LEBAK,- Pengurus Himpunan Mahasiswa Islam Majelis Penyelamar Organisasi (HMI-MPO) Lebak mengecam aksi refresif yang dilakukan oleh oknum Sapol-PP Kabupaten Bogor yang menyasar salah satu aktivis HMI-MPO saat menggelar aksi unjuk rasa di depan Kantor Pemerintahan Kabupaten Bogor, Jawa Barat, pada Kamis (17/9/2020) kemarin.
Diketahui, aksi represif yang dilakukan oleh oknum Sapol-PP tersebut bermula ketika puluhan aktivis HMI-MPO Cabang Bogor menggelar aksi unjuk rasa menanggapi Polemik RSUD Leuwiliang yang diduga maladaministrasi dan dugaan indikasi korupsi. Namun, aksi tersebut berakhir kisruh antara peserta aksi dengan anggota Satpol-PP yang saat itu peserta aksi berusaha masuk dengan cara mendorong-dorong gerbang Kantor Pemkab Bogor.
Akibatnya, enam orang kades HMI-MPO Cabang Bogor tersebut mengalami luka-luka, satu diantaranya mengalami luka berat pada bagian kepala.

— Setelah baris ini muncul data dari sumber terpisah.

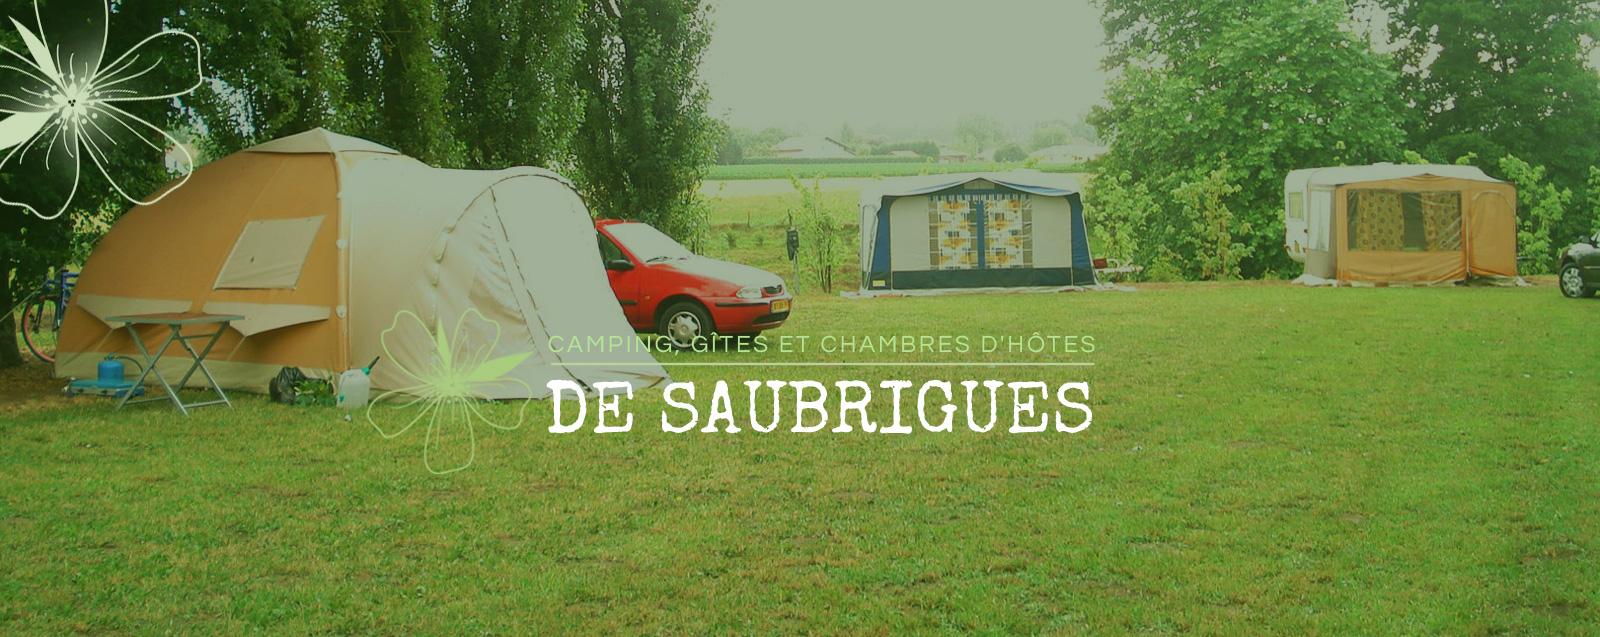 Camping camping la ferme saubrigues 40 camping - Chambre d hote saint jean de luz pas cher ...

Menanggapi hal tersebut, Ketua HMI MPO Cabang Lebak Aceng Hakiki mengecam keras tindakan represif yang dilakukan oleh oknum anggota Satpol-PP Pemkab Bogor. Menurutnya, tindakan tersebut telah melukai marwah demokrasi dalam penyampaian pendapat dimuka umum.
“Kami pengurus HMI-MPO Cabang Lebak mengecam keras aksi represif yang dilakukan oleh oknum anggota Satpol-PP terhadap kader HMI-MPO Bogor. Tindakan tersebut merupakan bentuk pembungkaman terhadap masyarakat umum khsusunya mahasiswa,” kata Aceng Jum’at (18/9/2020).
Aceng mendesak agar Satpol-PP seyempat melakukan evaluasi terhadap kinerja anggota yang telah bersifat arogan dengan melakukan tindakan represif yang telah menyebabkan peserta aksi mengalami luka-luka.
“Evaluasi kinerja, kenapa anggota bisa bersikap searogan itu. Bila perlu copot saja Kapolres dan Kasatpol PP yang tidak becus dalam mengkordinir anggotanya, ” pungkasnya.
Untuk diketahui, mahasiswa mengkritisi dan meminta pembangunan megaproyek RSUD Leuwiliang Kabupaten Bogor yang bersumber dari APBD 2020 senilai Rp. 62.239.000.000, untuk dihentikan sementara. Pasalnya, dalam proses pembangunan megaproyek tersebut terindikasi banyak kejanggalan. Mulai dari proses lelang tender hingga re-design struktur. Untuk itu, selain meminta proses pembangunan RSUD Leuwiliang dihentikan semenarar, mahasiswa juga meminta DPRD Bogor untuk memaksimalkan fungsi pengawasan pada megaproyek tersebut. (*/Deni).